[[ INFORMATION PROVIDED, beginning ]]
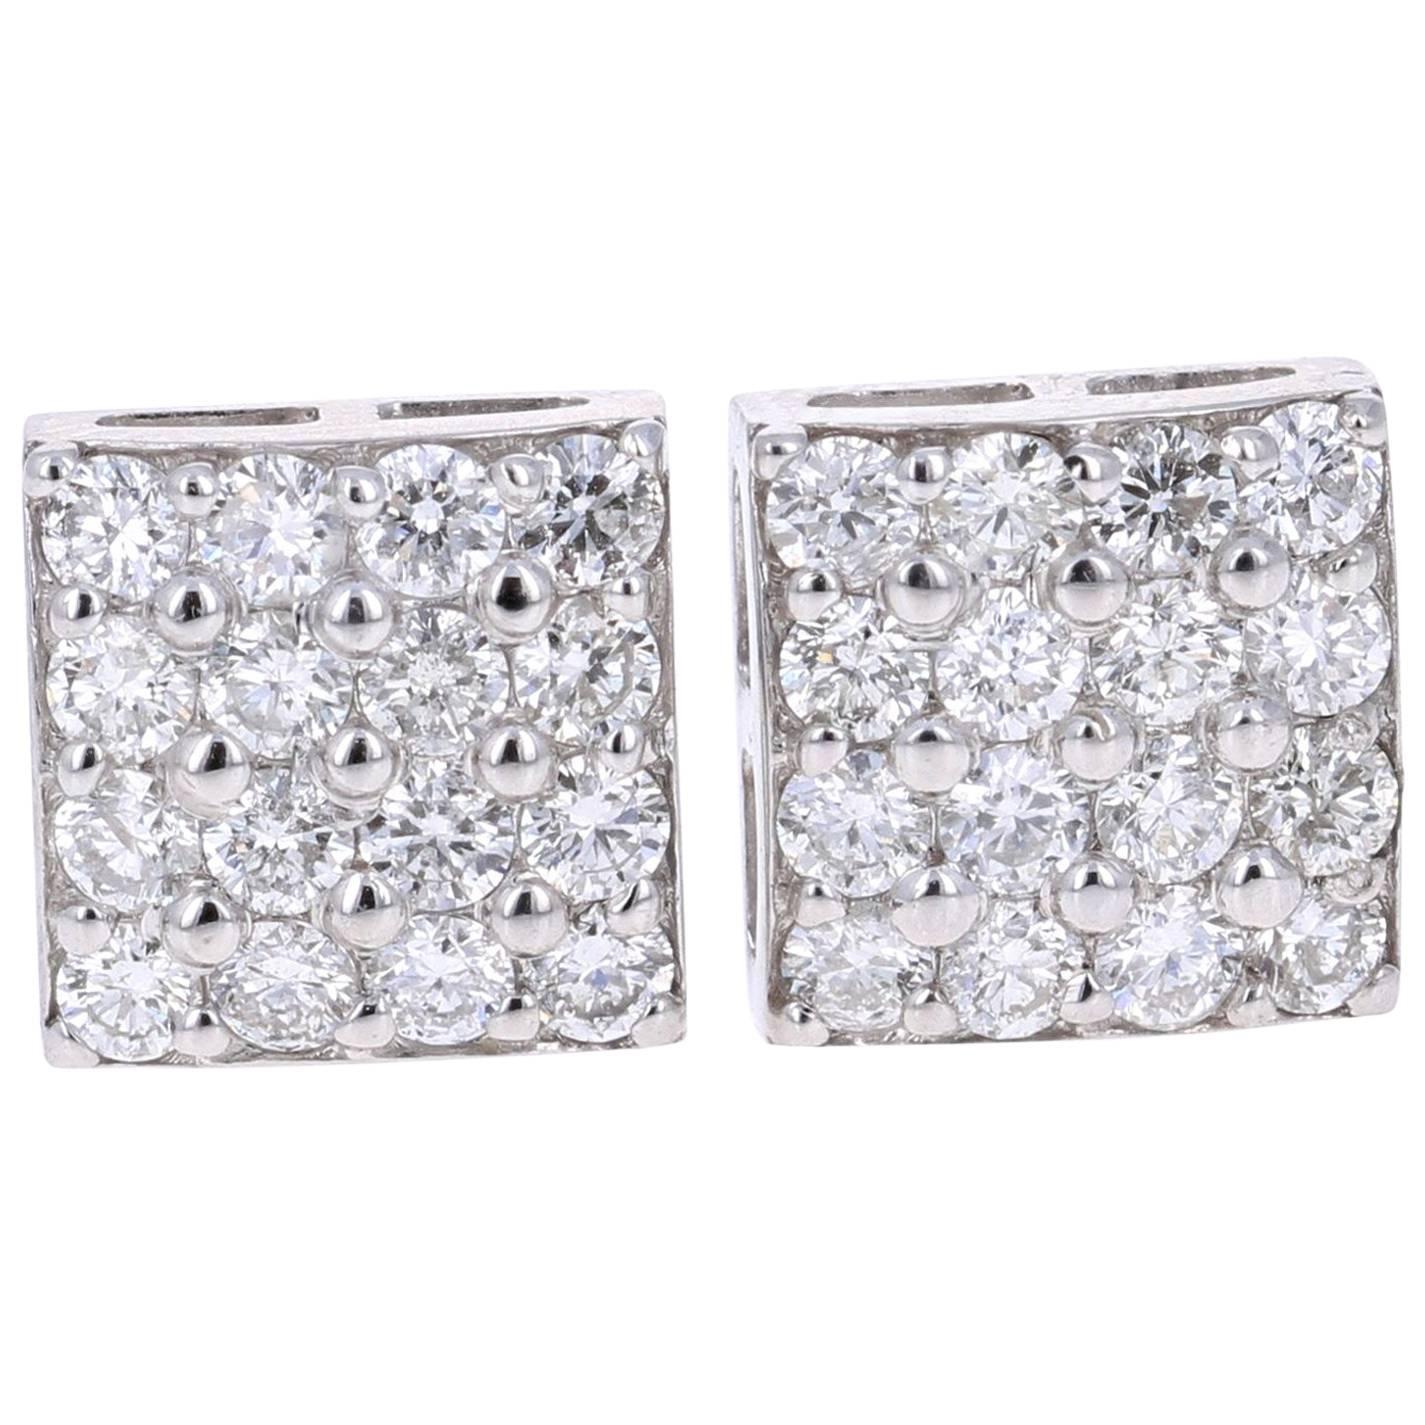 1.30 Carat Round Cut Diamond 14K White Gold Stud Earrings
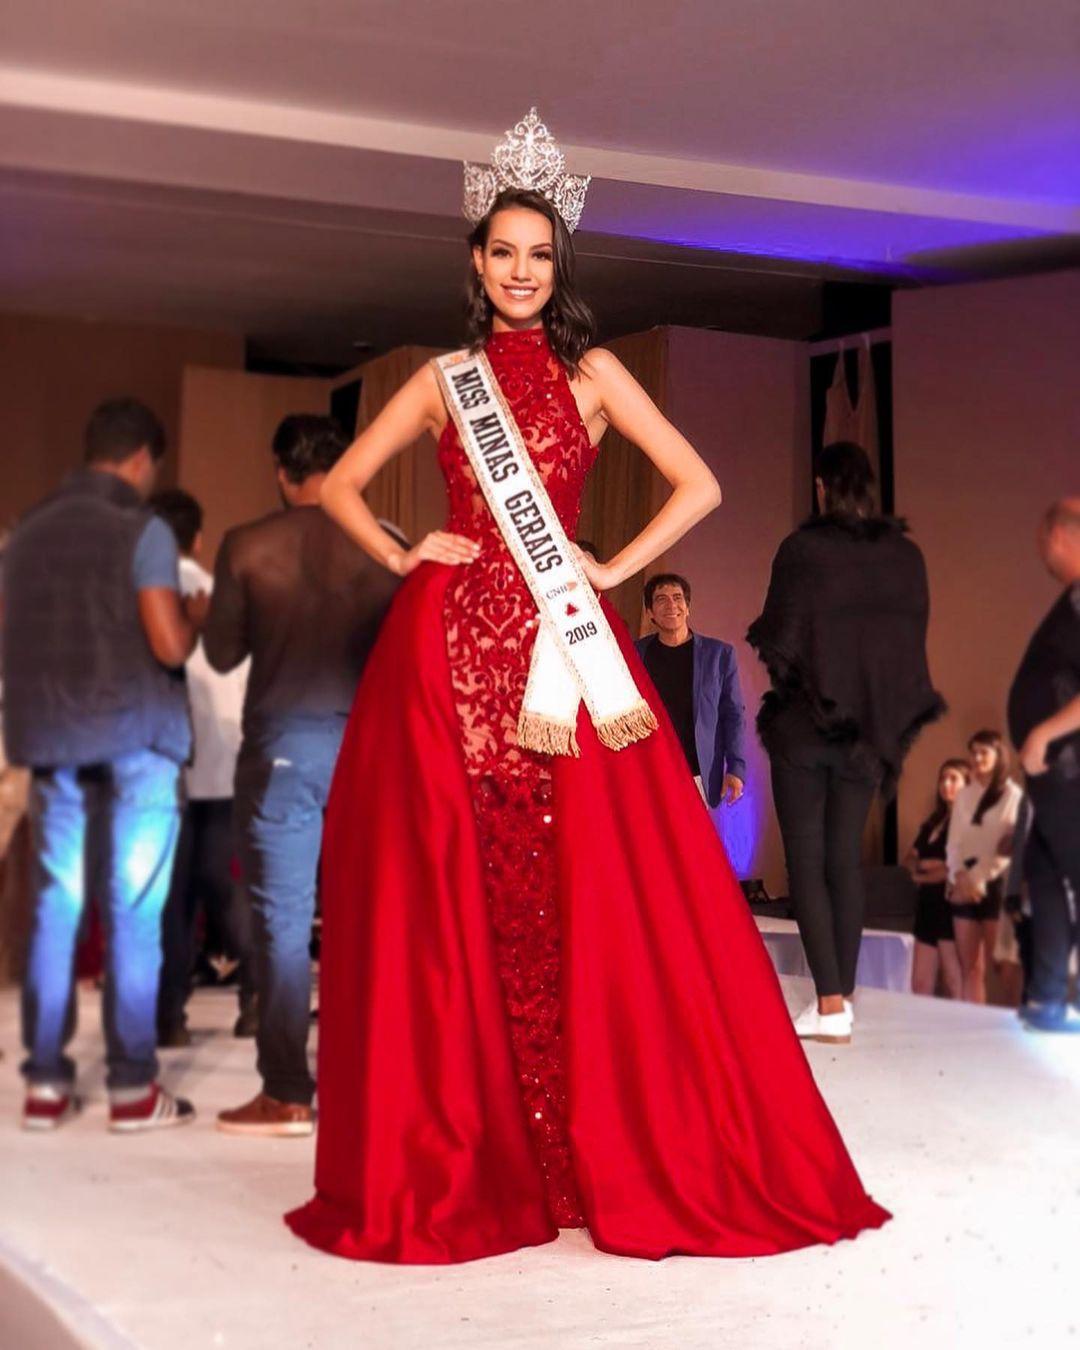 rafaella felipe, top 20 de miss brasil mundo 2019. - Página 9 72135810
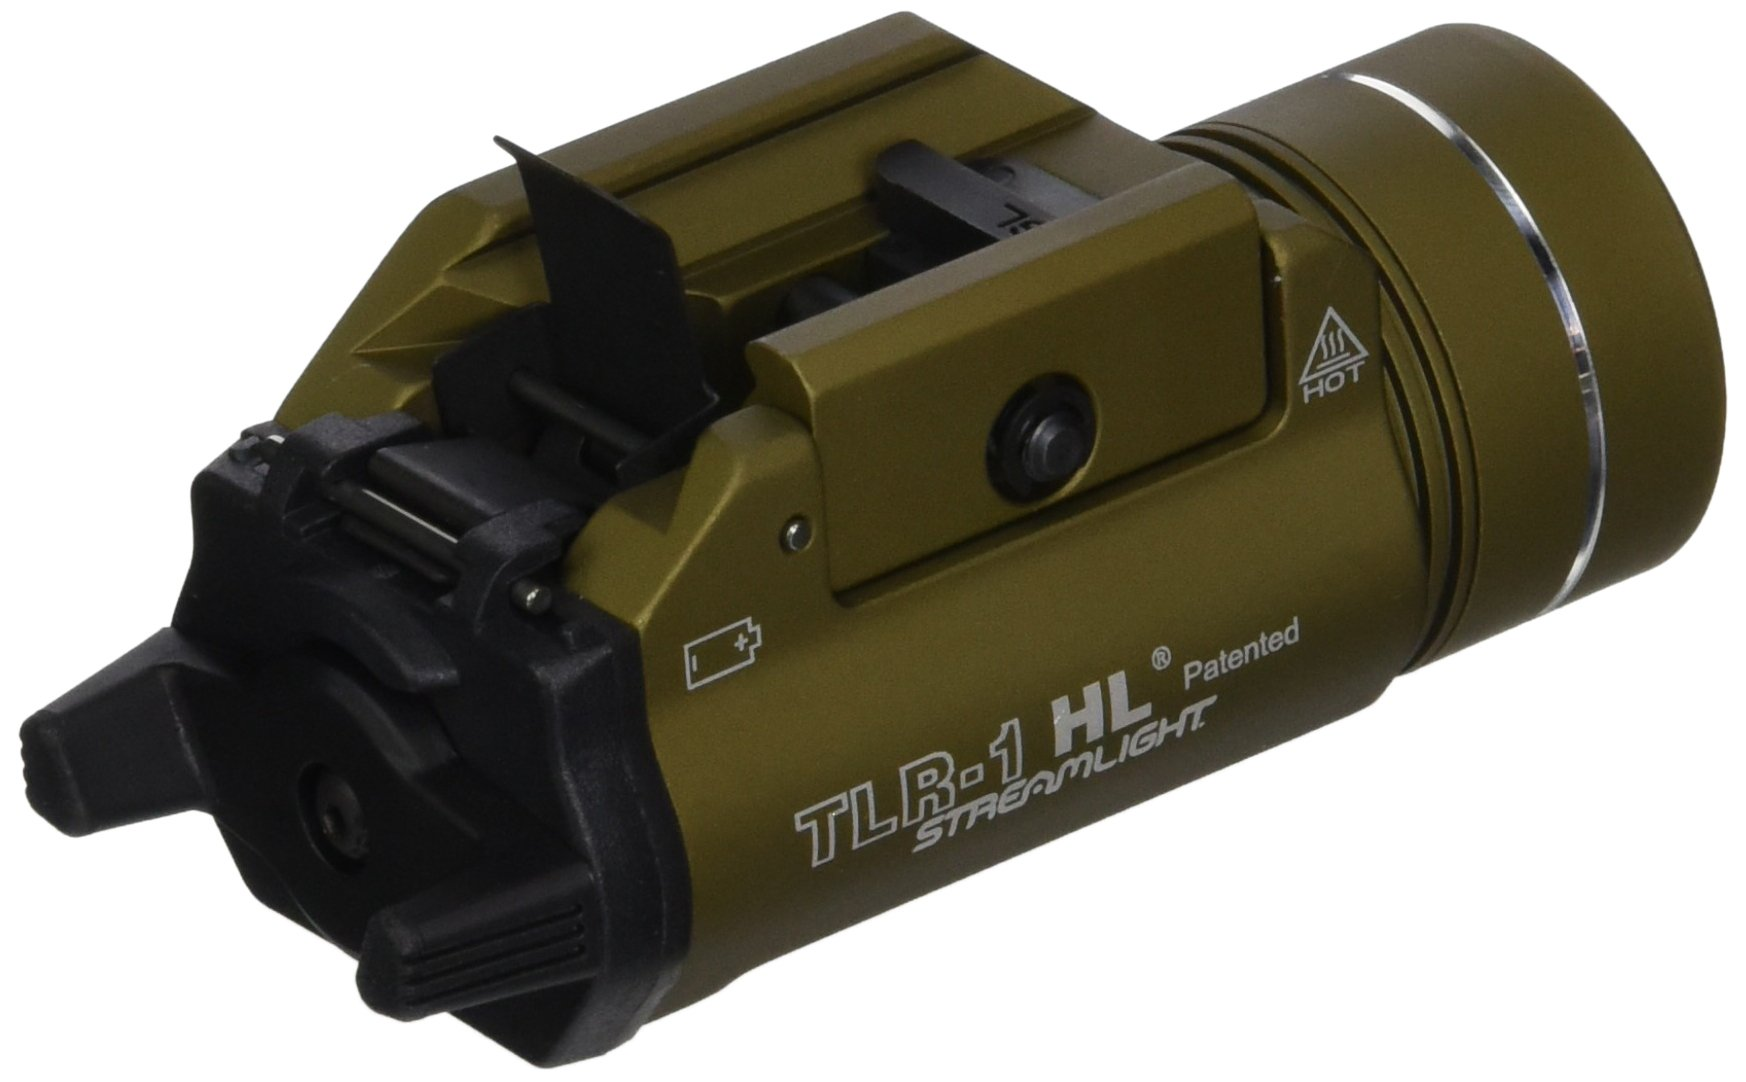 Streamlight 69266 TLR-1-HL High Lumen Rail-Mounted Tactical Light, Flat Dark Earth by Streamlight (Image #2)
[[ INFORMATION PROVIDED, end ]]
* EXERCISE DIRECTIONS
Omit the pictures and print the listing exactly.

* COMPLETED EXERCISE
 1.30 Carat Round Cut Diamond 14K White Gold Stud Earrings
 rafaella felipe, top 20 de miss brasil mundo 2019. - Página 9 72135810
 Streamlight 69266 TLR-1-HL High Lumen Rail-Mounted Tactical Light, Flat Dark Earth by Streamlight (Image #2)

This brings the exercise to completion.